4: That, Than Which A Greater Cannot Be Thought
Ist es möglich! Stern der Sterne,
Drück ich wieder dich ans Herz!
Ach, was ist die Nacht der Ferne,
Für ein Abgrund, für ein Schmerz!
Ja, du bist es, meiner Freuden
Süßer, lieber Widerpart!
Eingedenk vergangner Leiden
Schaudr ich vor der Gegenwart.29
Here Prof. Bencivenga introduces another genius, logician and intellectual spy: Alan Turing. Turing committed suicide in 1954 under pressure from the British government after “hormone treatment” for his homosexuality. Prof. Bencivenga treats him as if he were persecuted for challenging authority with his unorthodox logical theories. Once again, we find the author projecting something from his own psyche onto the historical figure—not quite his own autobiography, but a projection, nonetheless, of his own fancy.

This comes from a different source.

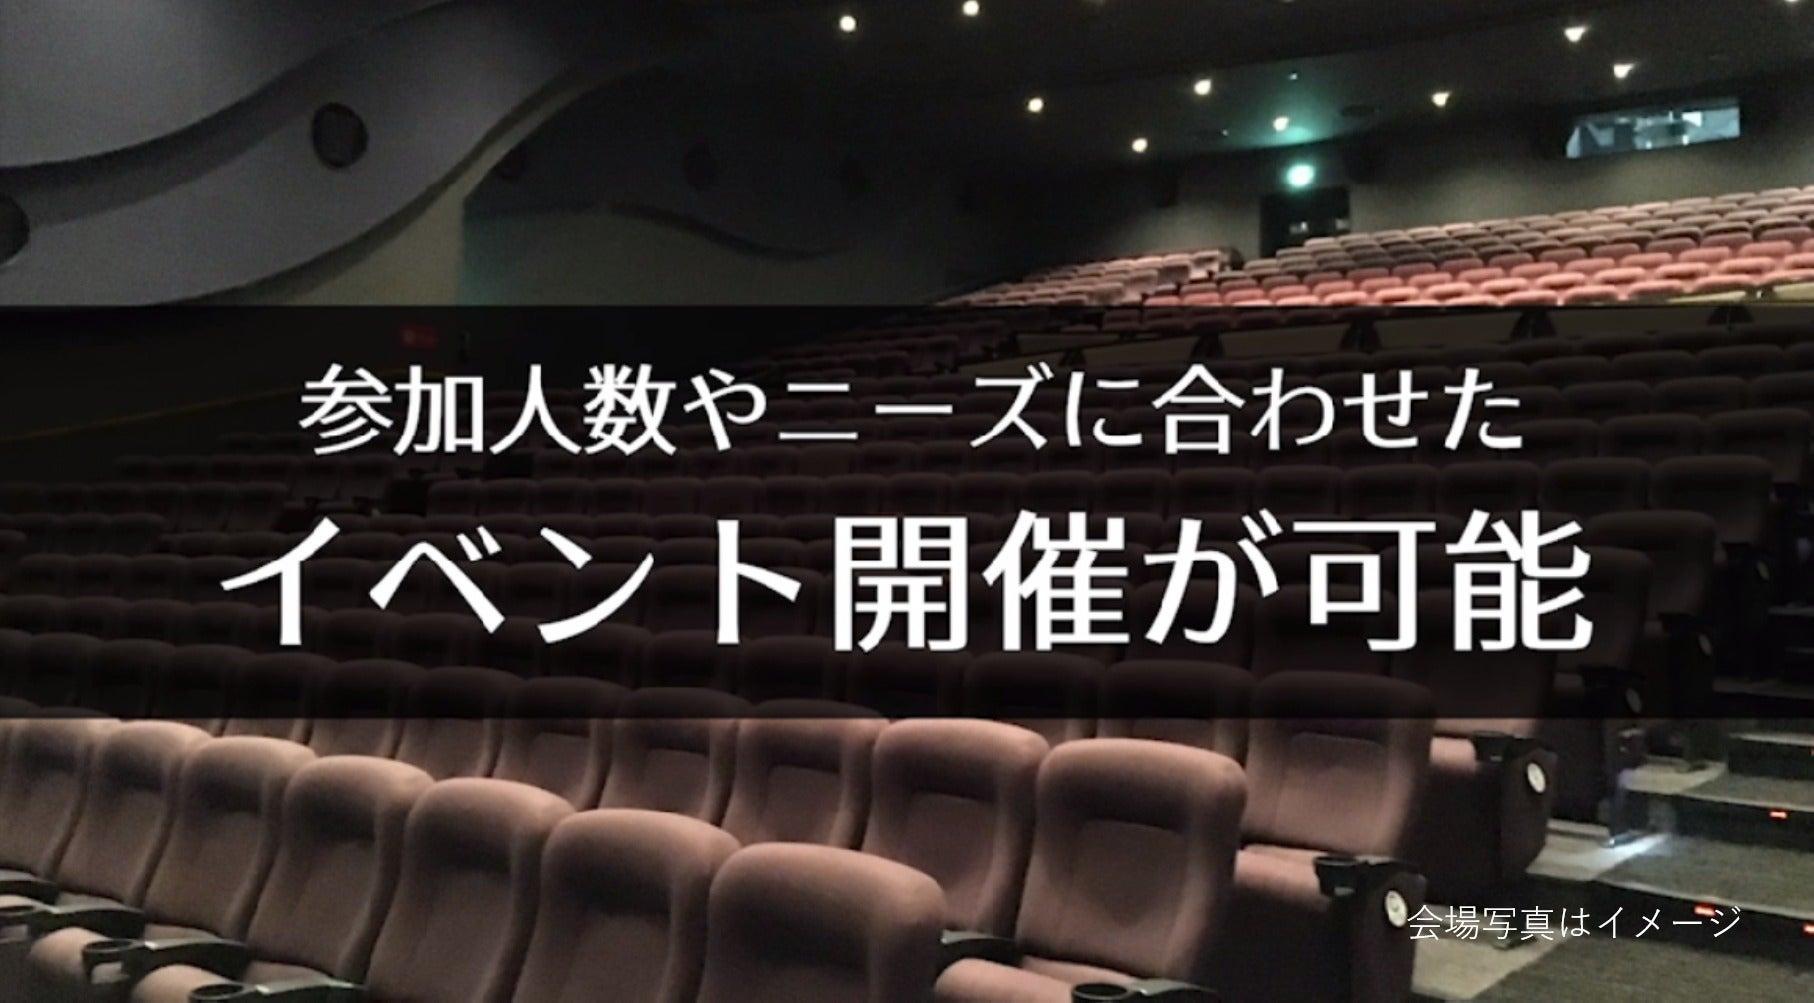 【わかば 116席】映画館で、会社説明会、株主総会、講演会の企画はいかがですか?(ユナイテッド・シネマわかば) の写真0

Anselm explains his motivation for the proof with the Augustinian slogan: Fides quaerens intellectum, faith in search of an understanding. Prof. Bencivenga rejected that excuse in the first chapter on the grounds that the stated aim was impossible, and that’s what started him off looking for alternative motives. Then I commented that unreachable aims might still provide adequate motivation. The quest for perfection is not dulled by knowing in advance that it is not to be attained. However, aside from all this, Prof. Bencivenga’s arguments for the futility of Anselm’s task fall short. Prof. Bencivenga argues from the unknowability of the essence, but all Anselm is after is understanding of lesser truths of faith, and orientation on the path toward what lies beyond our abilities.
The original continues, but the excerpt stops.